▸ **Description of the task**
Exact repetition of a range: find the line containing "Chanel deep burgundy" and the line containing "Size mark 34 FR. Condition is pristine." in the material below, then repeat both and all lines between them, leaving pictures out.

▸ **Given data**
================================

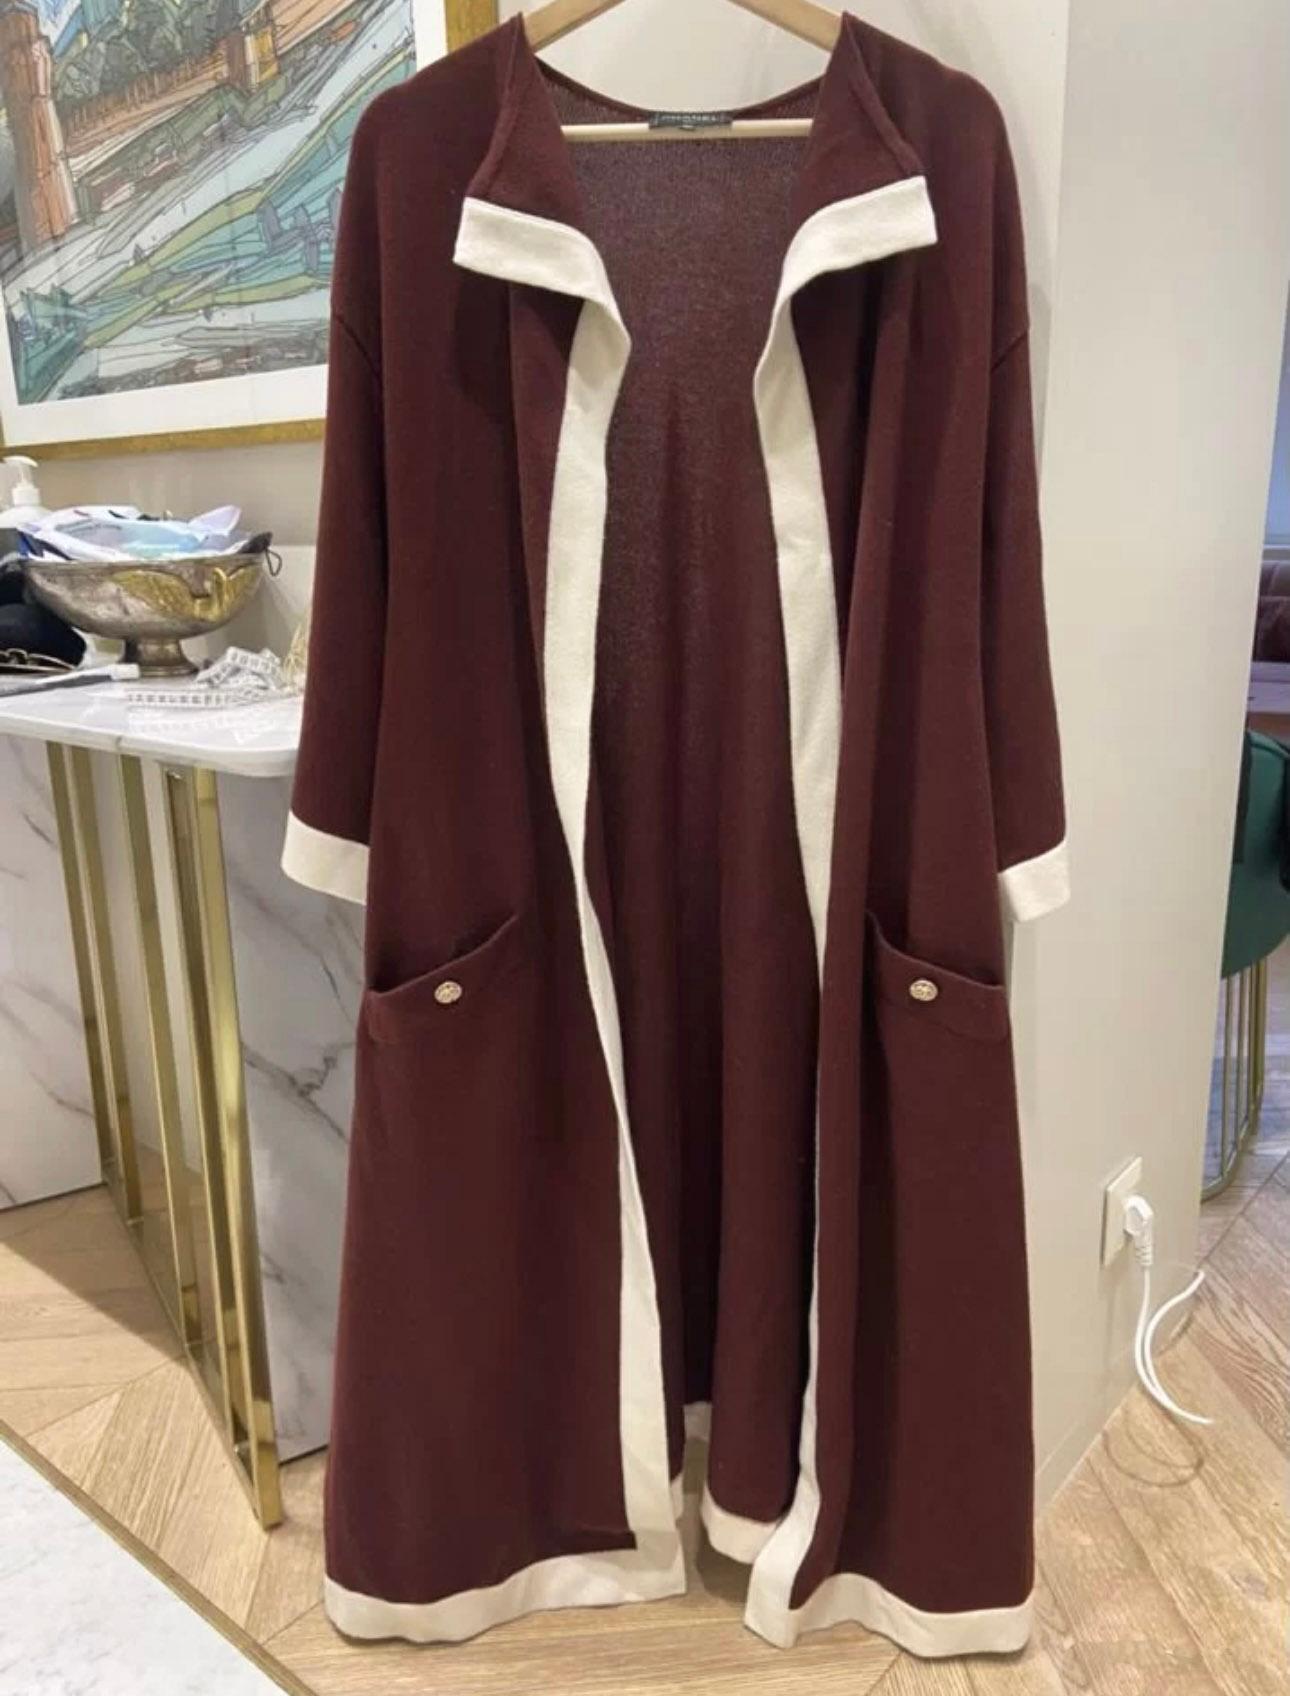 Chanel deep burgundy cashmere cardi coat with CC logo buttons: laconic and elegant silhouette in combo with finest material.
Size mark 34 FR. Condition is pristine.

================================

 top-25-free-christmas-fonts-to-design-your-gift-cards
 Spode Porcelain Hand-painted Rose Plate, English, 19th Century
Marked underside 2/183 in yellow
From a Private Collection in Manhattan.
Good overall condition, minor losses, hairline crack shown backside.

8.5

================================

▸ **Answer**
 Chanel deep burgundy cashmere cardi coat with CC logo buttons: laconic and elegant silhouette in combo with finest material.
Size mark 34 FR. Condition is pristine.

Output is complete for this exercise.